Sütlüce köyünde yaşarken sadece küçükbaş hayvancılık yapıyorduk ancak orada maalesef otlatmak için meramız kalmadı. Yakın bir köy olan ve aynı zamanda anneannemlerin eskiden yaşadığı evlerinin bulunduğu Cumalı köyüne yerleştik. Burada nüfus yaşlı kesim ve hane sayısı az. Süt ihtiyacı farklı köylerden karşılanıyordu. Bunun bir gereksinim olduğunu farkettim ve köyün en genci olarak büyükbaş hayvancılığı da işletmeme kaydettirdim. Dedem yıllardır arıcılıkla uğraşıyor. İki senedir yanında çırak olarak gidip geliyorum. Online olarak arıcılık eğitimi de alıyorum.
Ne tür tarım yapıyorsunuz ve hangi ekipmanları/traktörleri kullanıyorsunuz?
Hayvancılık yaptığımız içim maliyetlerimizi düşürmek adına yemlerimizi kendimiz üretiyoruz. Çoğunlukla kuru tarımla uğraşıyoruz. Buğday, arpa, ayçiçeği sulanır olarak yonca ekiyoruz. Ve kendi tüketimimiz kadar sebze ekiyoruz.
Çiftçiliğe ilk dedemin Deutz Fahr Traktörü ile başladık. Sonrasında aldığımız ilk traktör Tümosan oldu. İşleri biraz daha büyüttükten sonra Fiat ve Ls, traktörlerimiz oldu. Ben traktör kullanmayı çok severim. Benim için onlar özgürlüktür. Traktör kullanmaya ilk olarak 10 yaşlarımda babamın yanında başladım. Kendimi eğitmem de ailemin bana olan güveni en önemli desteğim oldu. Ne iş olursa olsun “o yapar” dediler ve ben onları haksız çıkarmamak için her işi yapmaya gayret ettim. Şuanda da traktör arkasına takılan her ekipmanı kullanabiliyorum. Tarla sürebiliyor, balya bağlayabiliyor, hayvanlarım için yem karma hazırlayabiliyorum.
Üretim senin için ne demek?
Üretim bağımsız yaşamaktır. Savaş dönemlerinden beri aslında tarımın, üretimin ve çiftçiliğin ne kadar önemli olduğuna vurgu yapılıyor. Savaş olduğunda üretim mecbur kılındı ve değer verildi. Pandemi oldu ve çiftçilere yine yasak yoktu. Pandemiden etkilenmeden tarlamıza, bahçemize gidebildik. Üretmek özgürlüktür. Ürettiğini tüketmek ise insana azim veriyor.
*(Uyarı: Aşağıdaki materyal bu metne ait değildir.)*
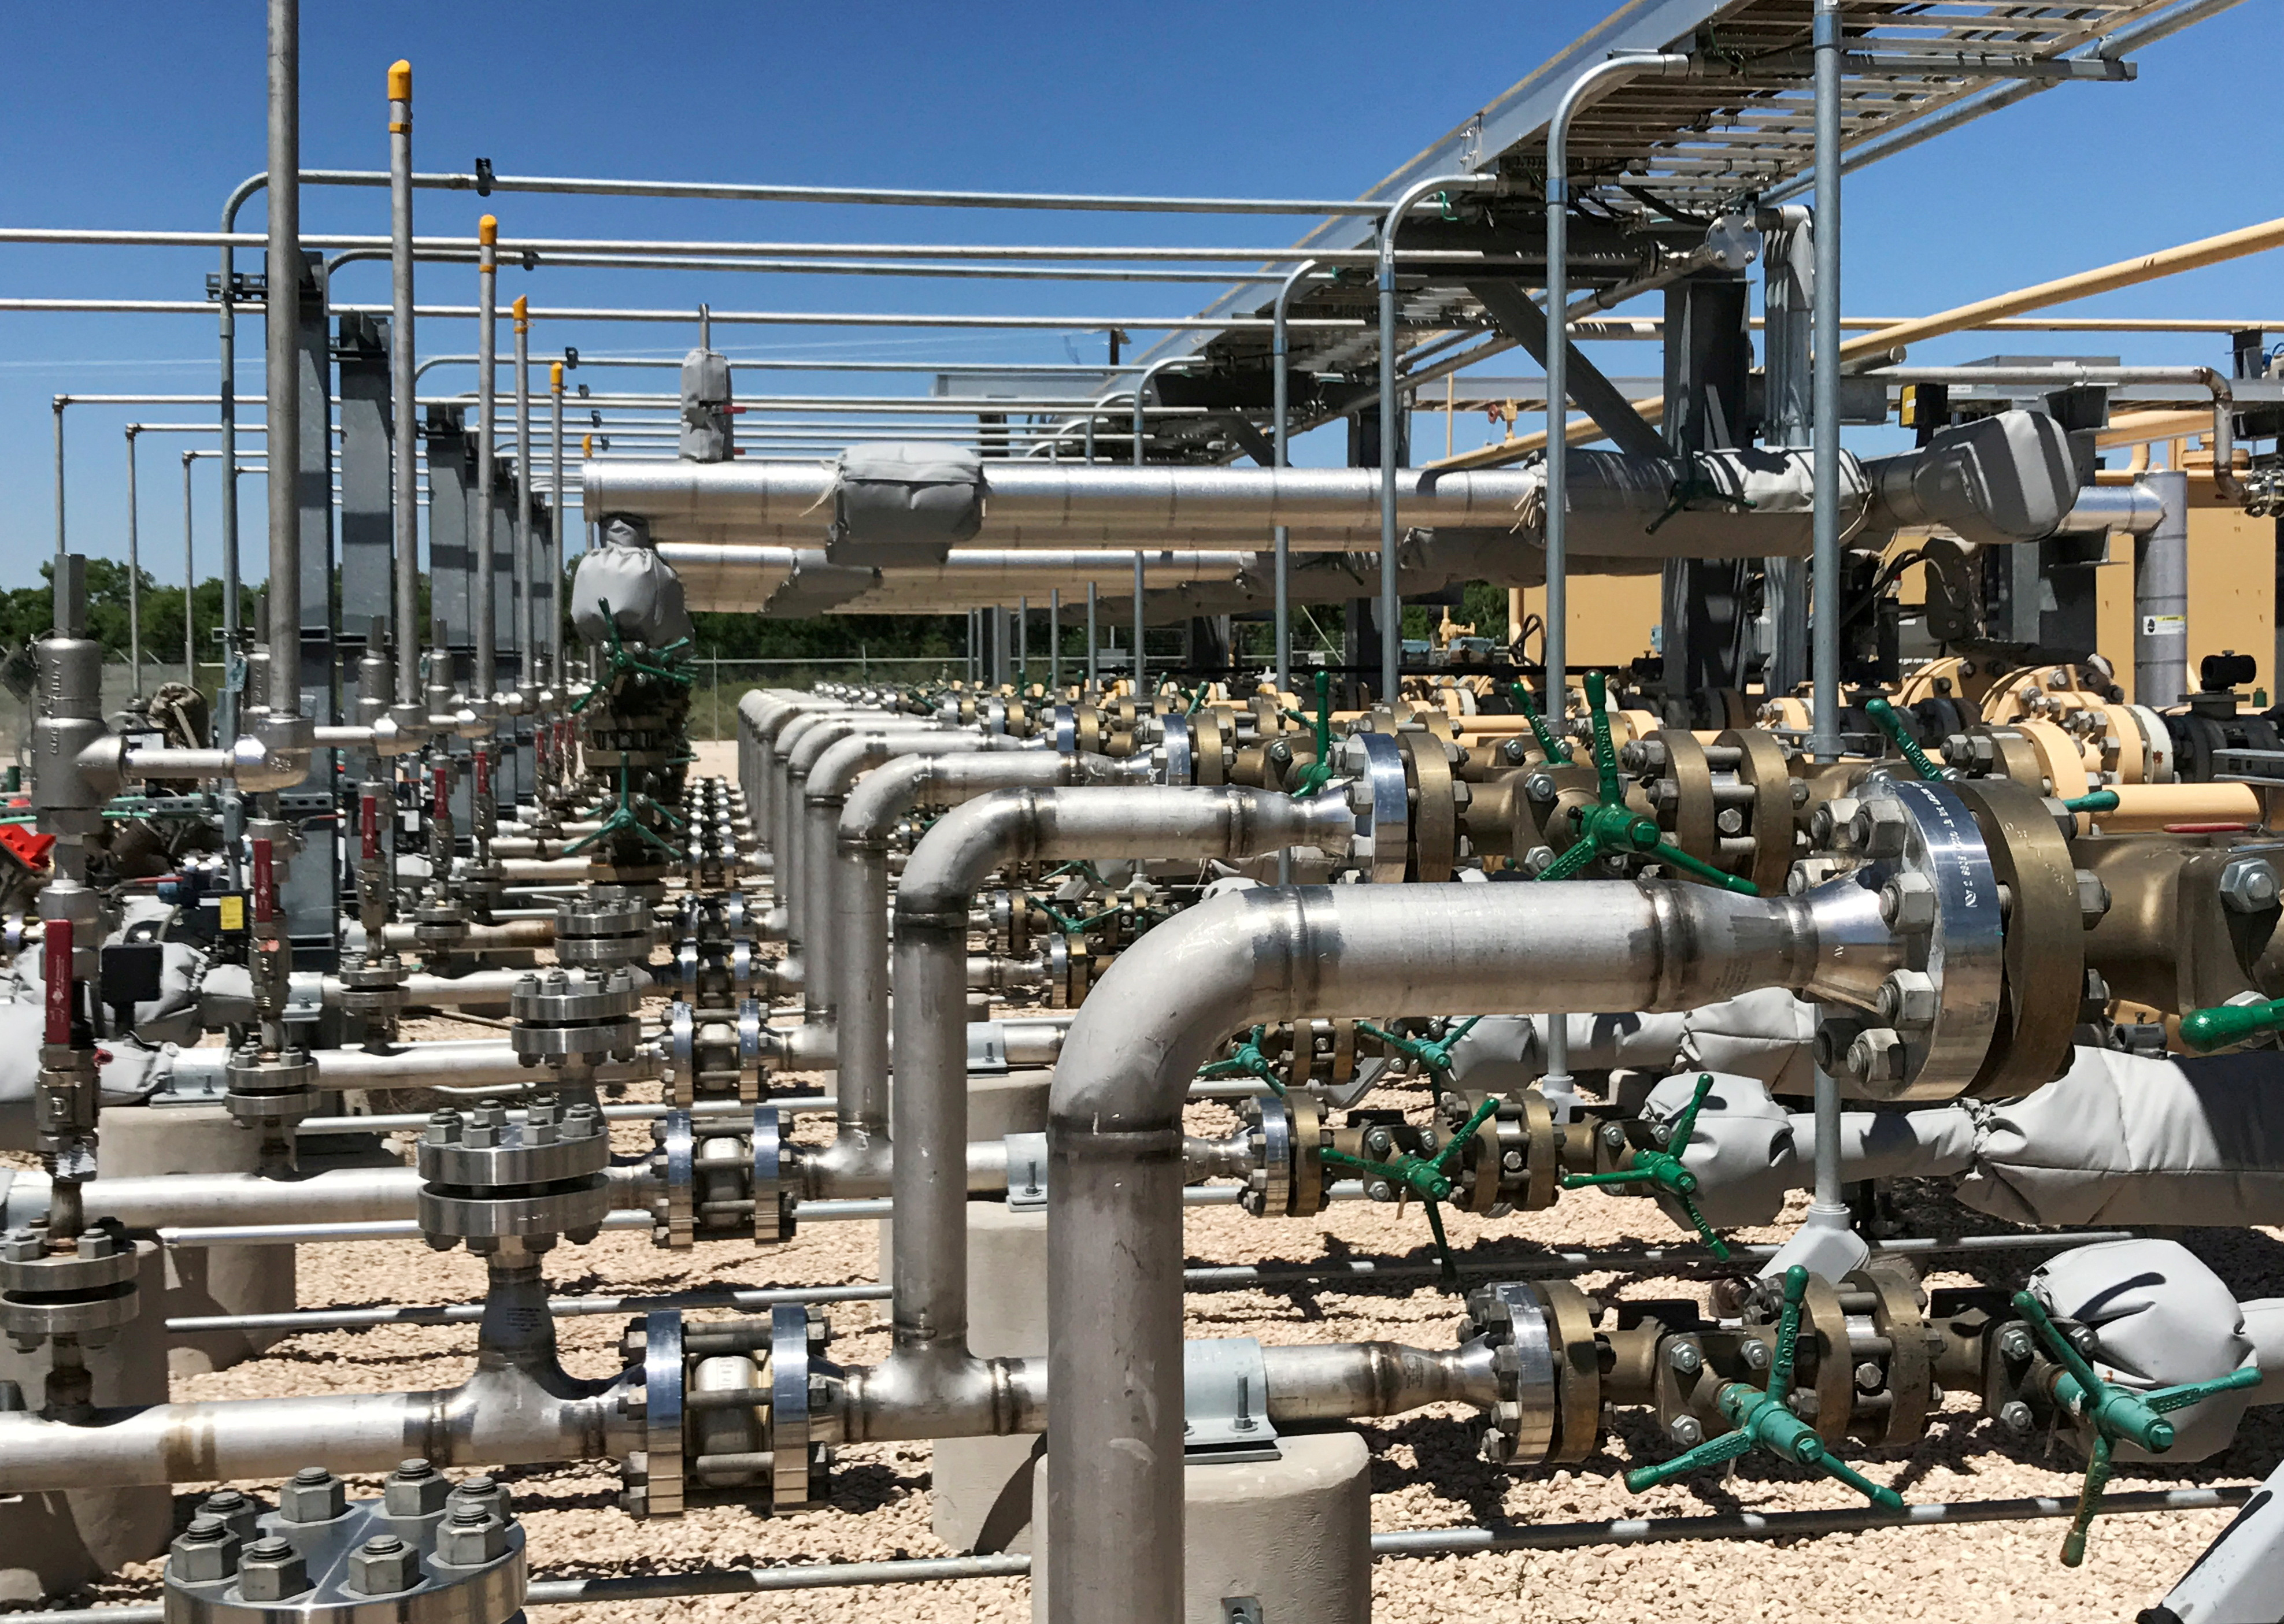 El equipo utilizado para procesar dióxido de carbono, petróleo crudo y agua se ve en un proyecto de recuperación mejorada de petróleo de Occidental Petroleum Corp en Hobbs, Nuevo México, Estados Unidos (Reuters)

Bambaşka bir heyecanı, gururu var. İmkanı olan herkesin üretim yapması gereken bir dönemdeyiz. Bir karış toprak boş kalmamalı aslında.
Peki gelecek nesile ve şimdiki gençlere ne söylemek istersin?
Üretmekten vazgeçmeyin. Özellikle kızlar ben yapamam demeyin. Siz isterseniz başaramayacağınız bir şey yok. Ve üretimin de kızı, erkeği yok. Birçok alanda oldukça başarılı kadınlarımız var. Çiftçi denilince akla gelen erkek figürünü de bozmalıyız artık. Köylerden kaçmayalım. Hepimizin dönüşü köyler. Geleceğimiz üretimde. Üretimi yapmak biz gençlerin ellerinde.